__WHAT YOU NEED TO DO__. Please set down each of the lines below once more, exactly, omitting all pictures.

__INFORMATION SUPPLIED__.
______

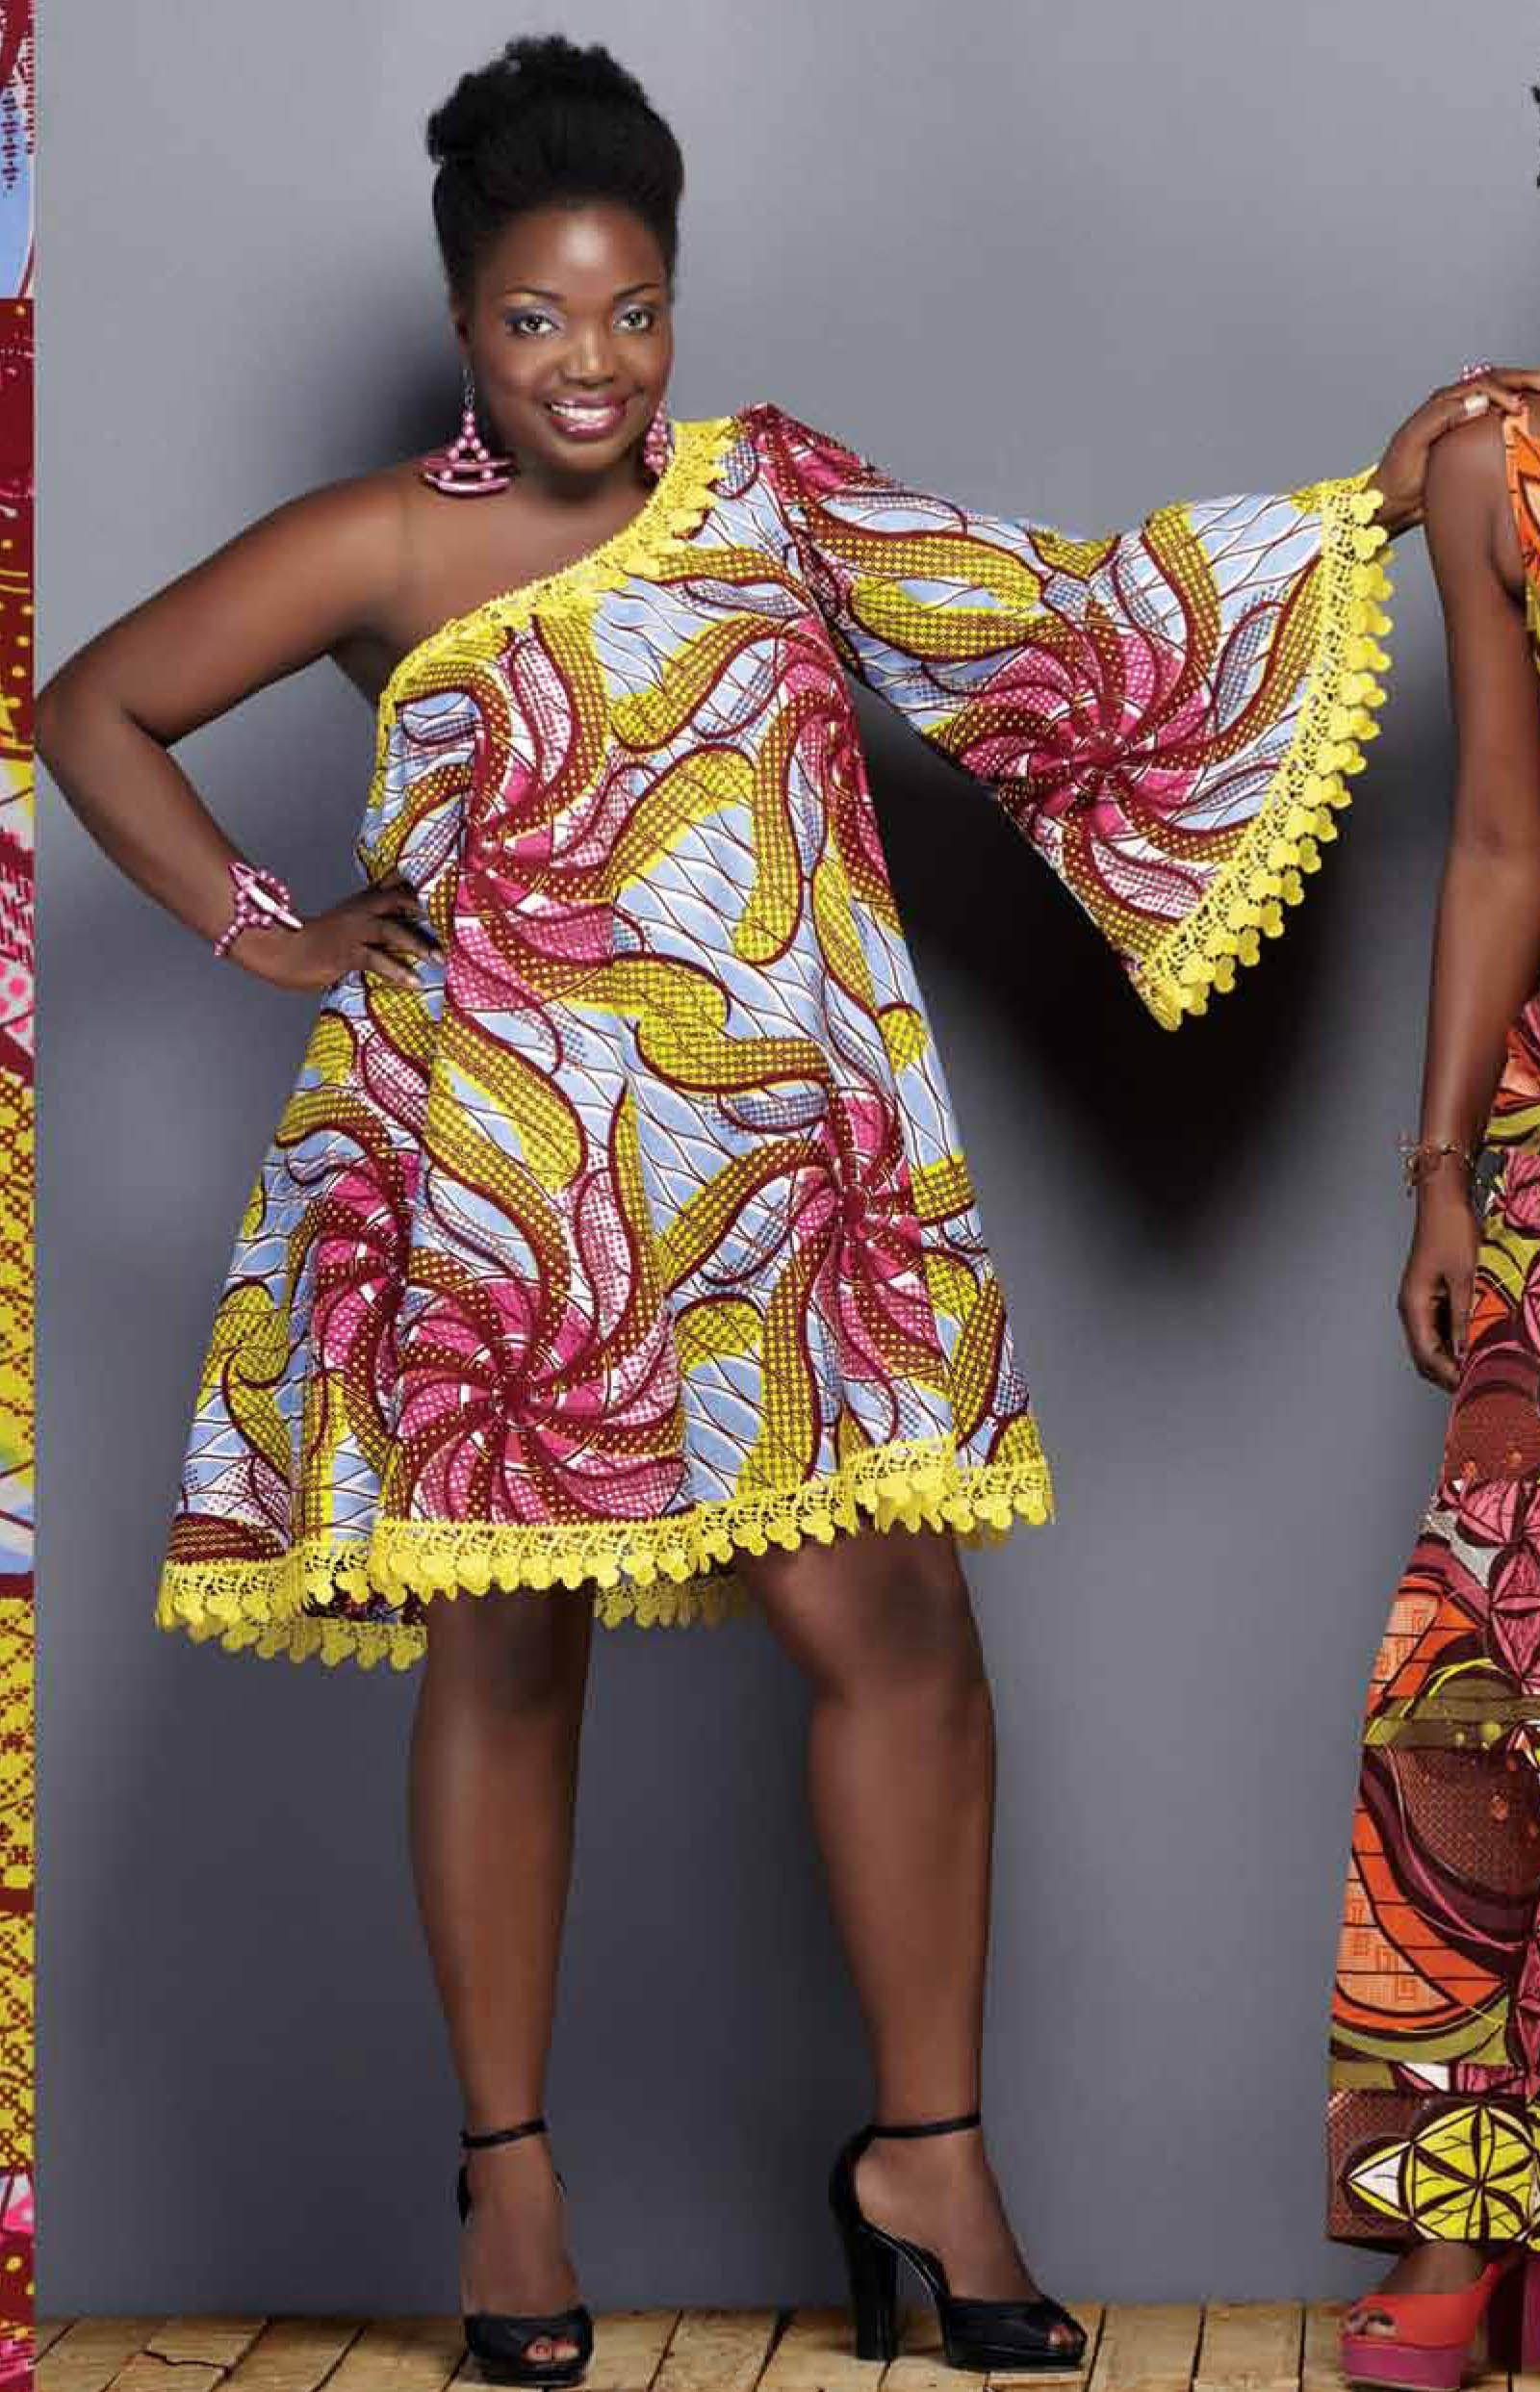 UNIWAX Magazine Wax fashion Mode Africaine GisèleBolaty
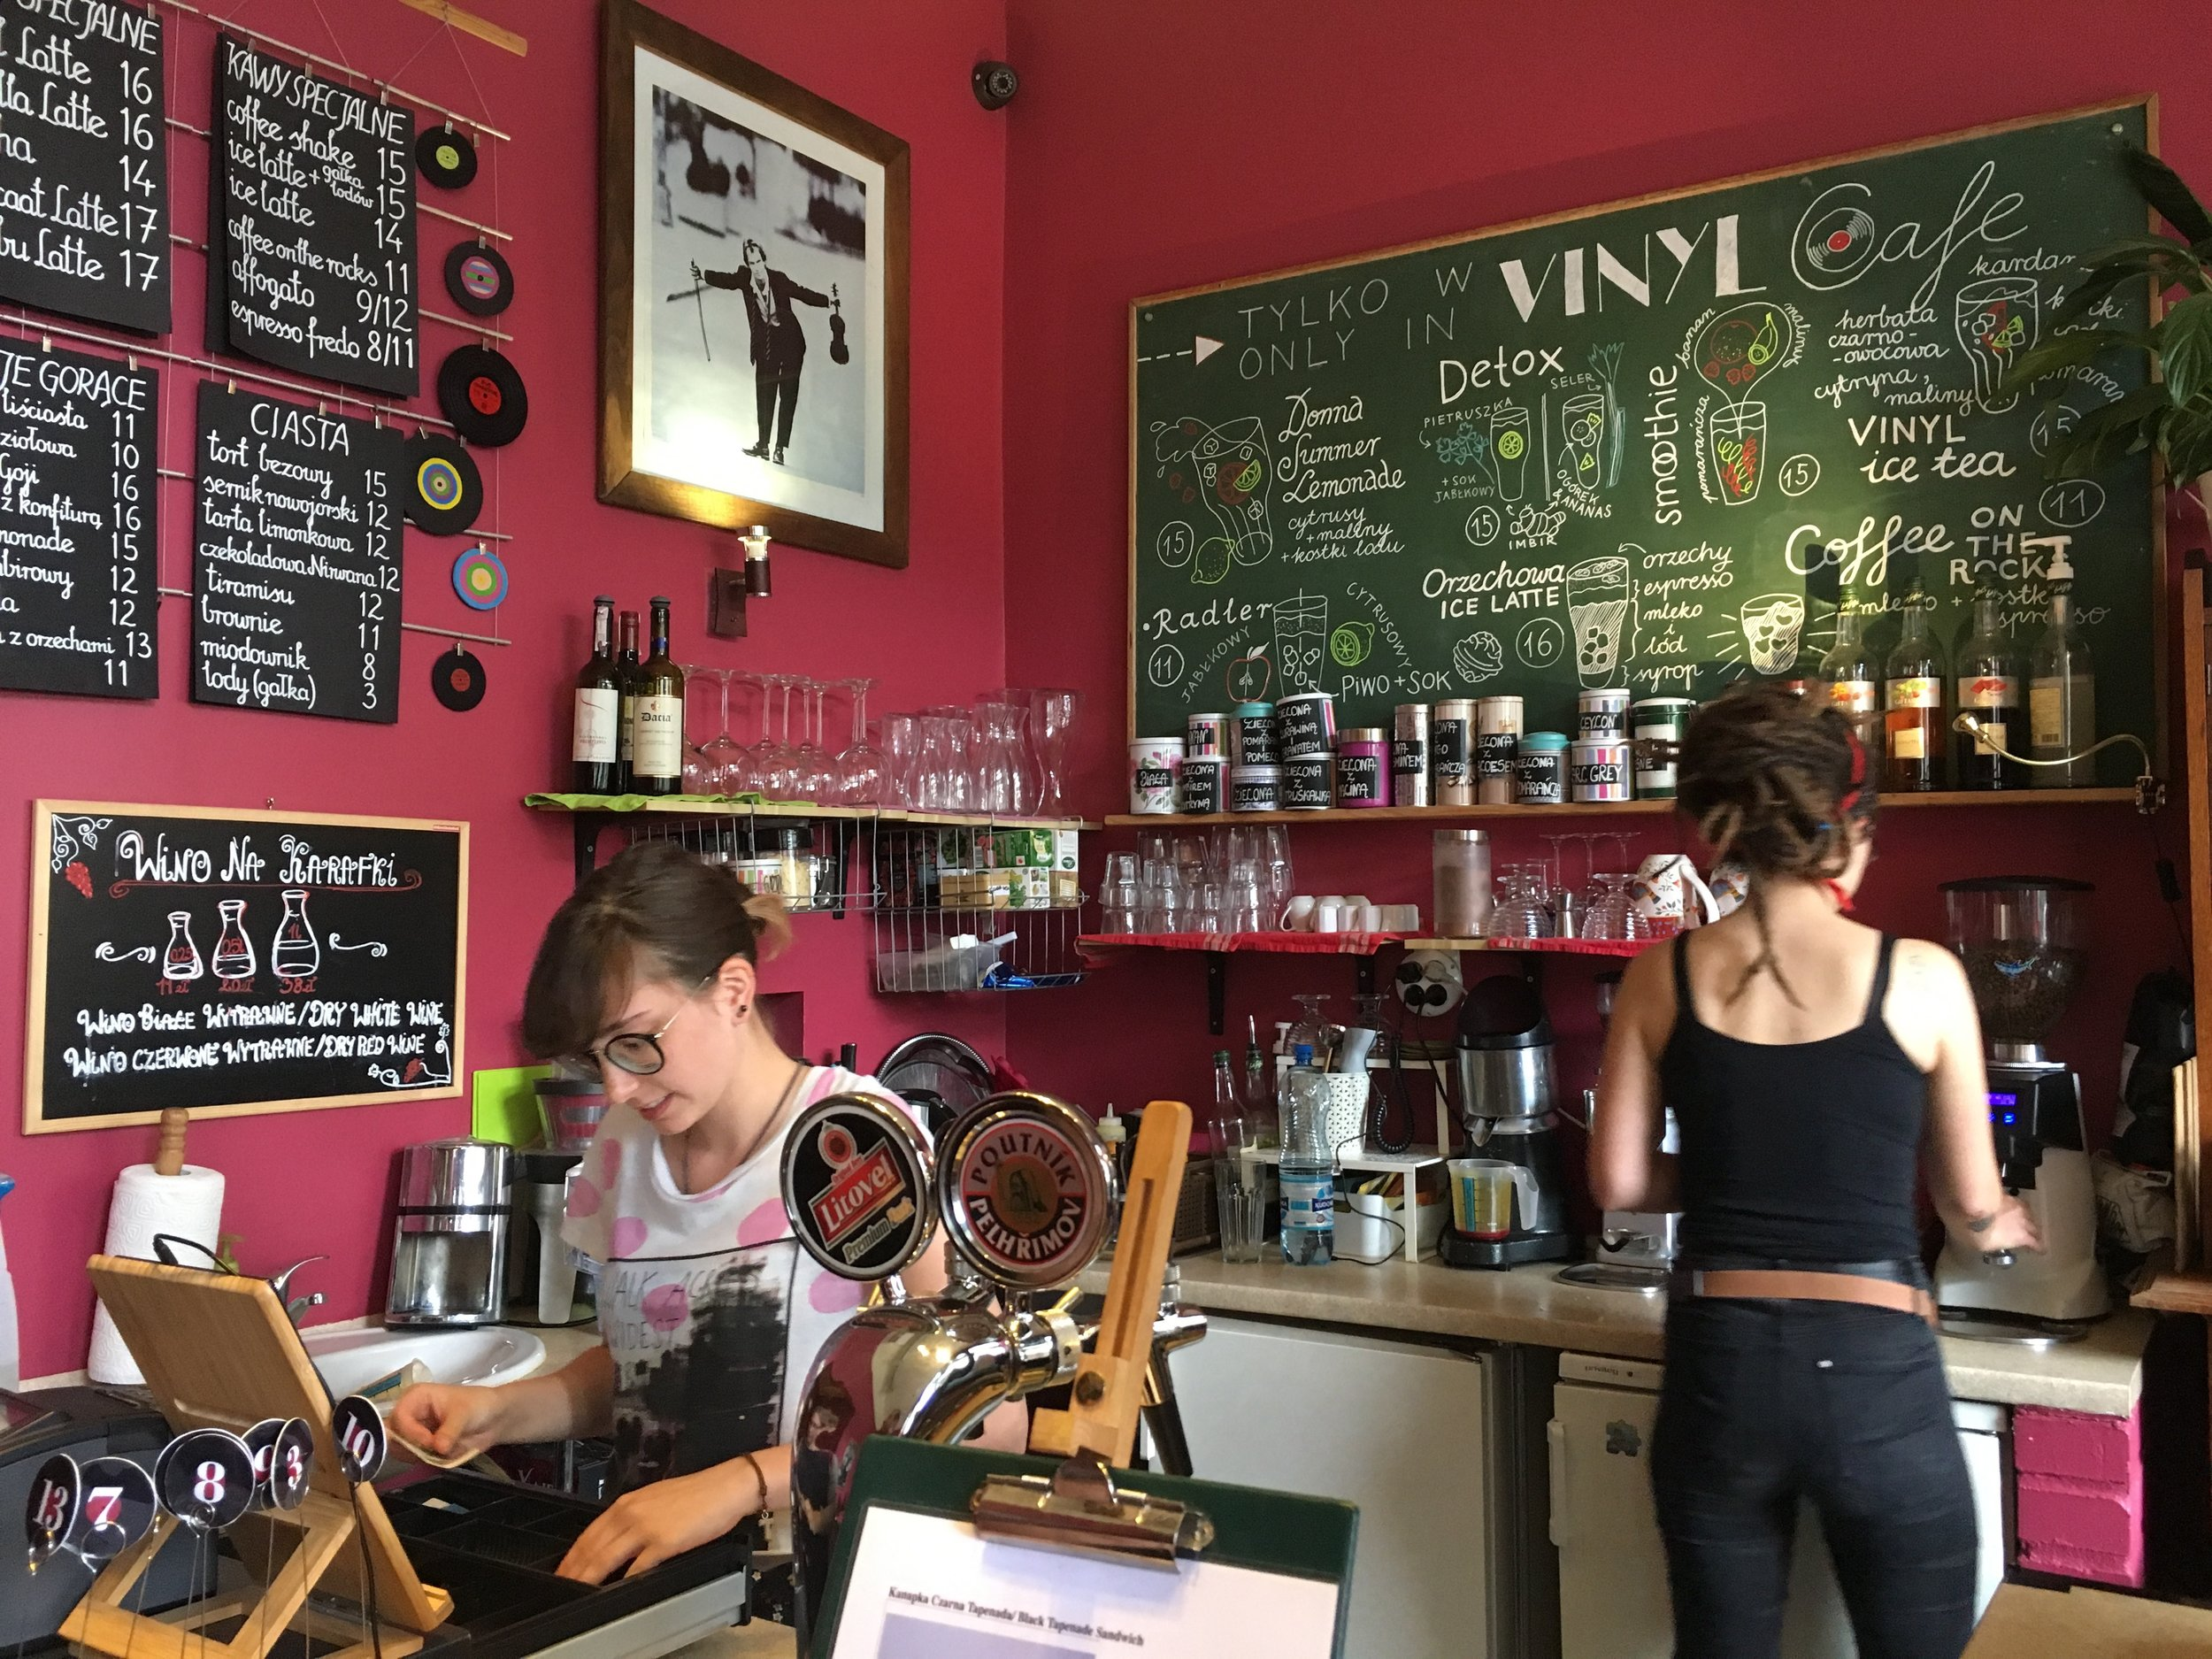 Vinyl Café
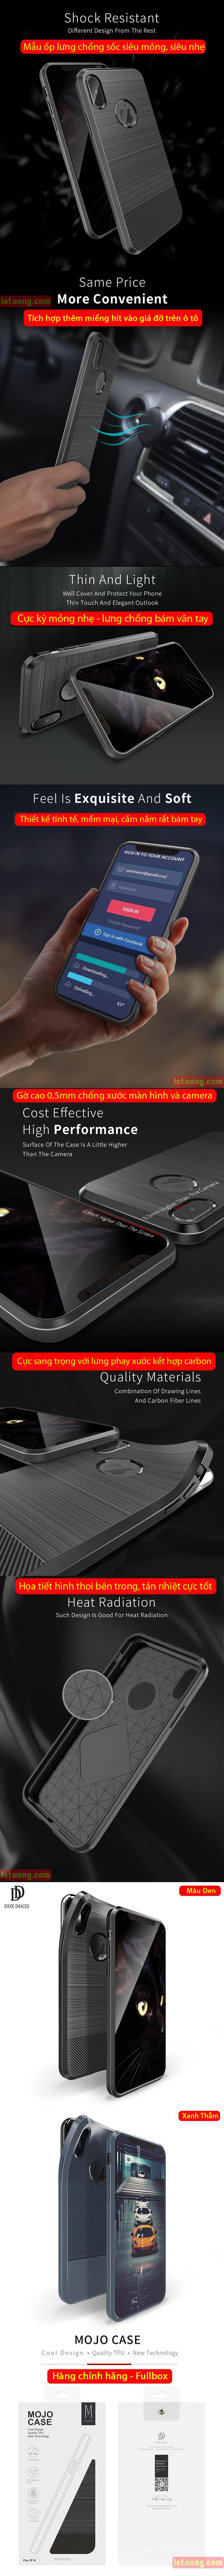 Ốp lưng iPhone X / Xs Dux Ducis Mojo Case nhựa mềm, chống sốc 6
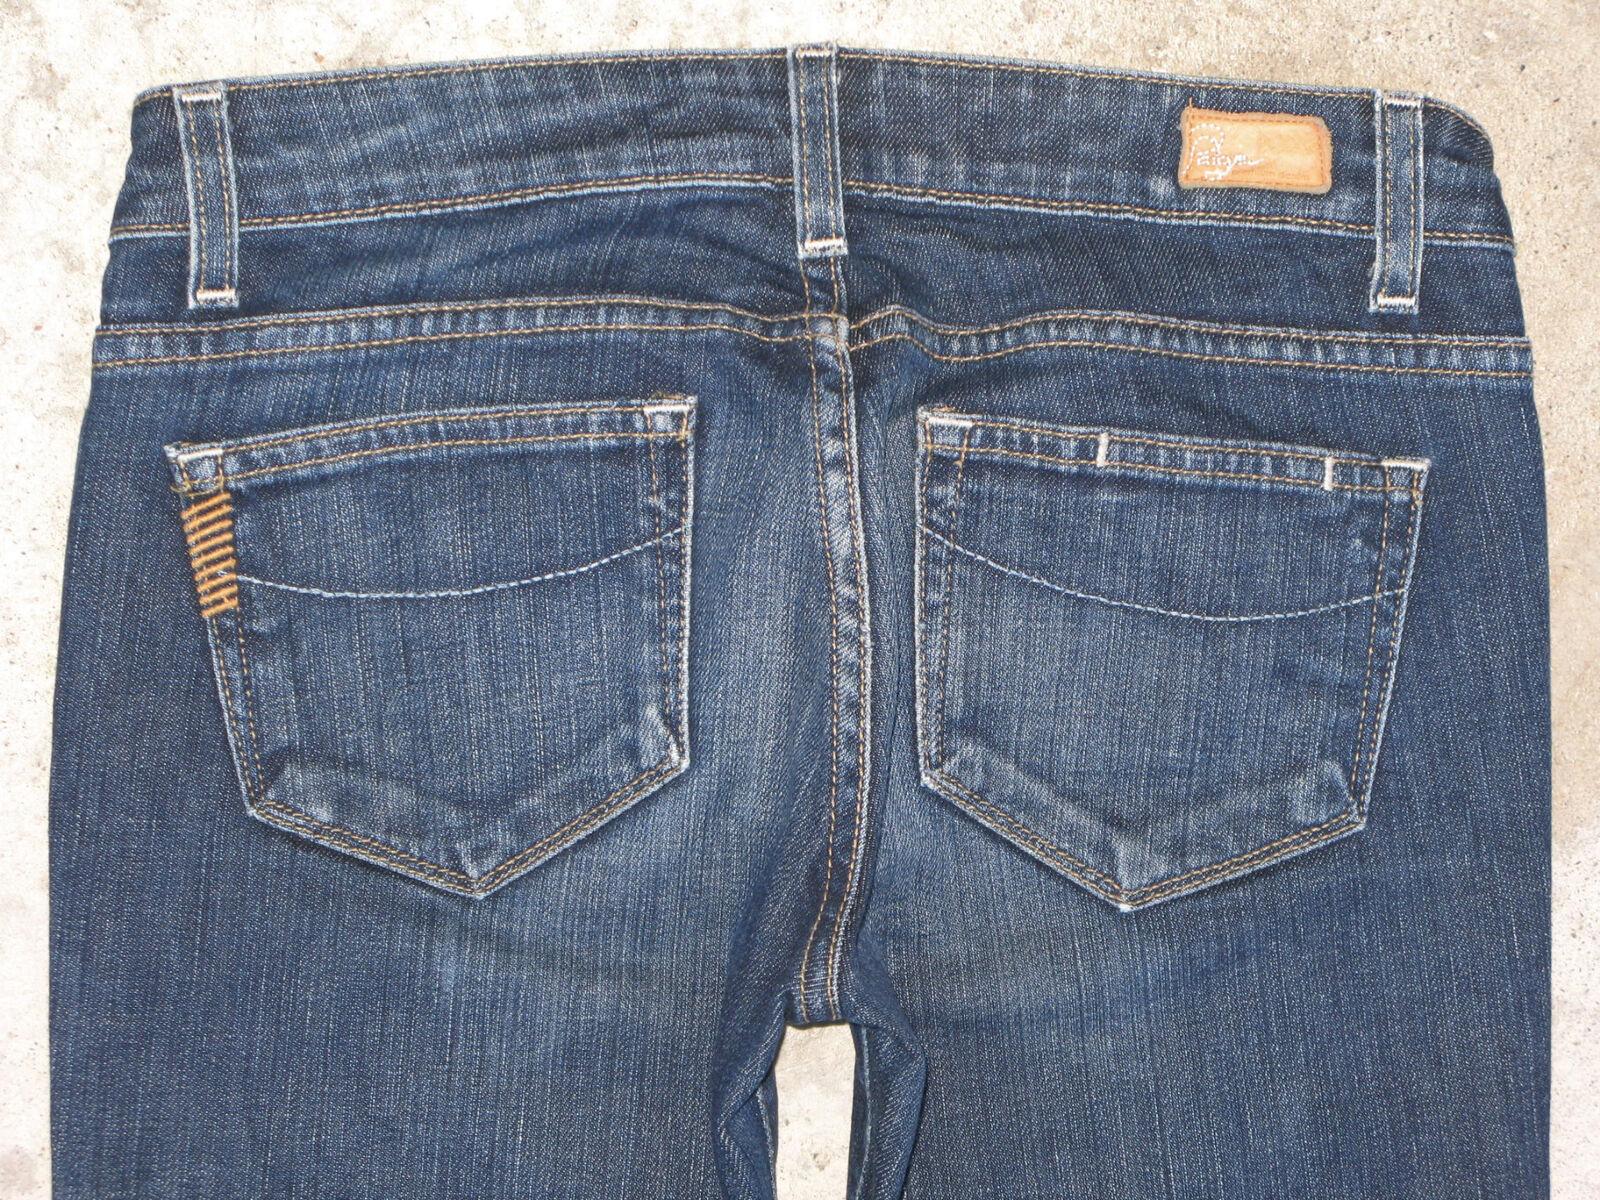 Paige Premium Laurel Canyon Jeans Sz 26 Low Bootcut Dark Distressed

______

__OUTPUT BELOW__.
 UNIWAX Magazine Wax fashion Mode Africaine GisèleBolaty
 Vinyl Café
 Ốp lưng iPhone X / Xs Dux Ducis Mojo Case nhựa mềm, chống sốc 6
 Paige Premium Laurel Canyon Jeans Sz 26 Low Bootcut Dark Distressed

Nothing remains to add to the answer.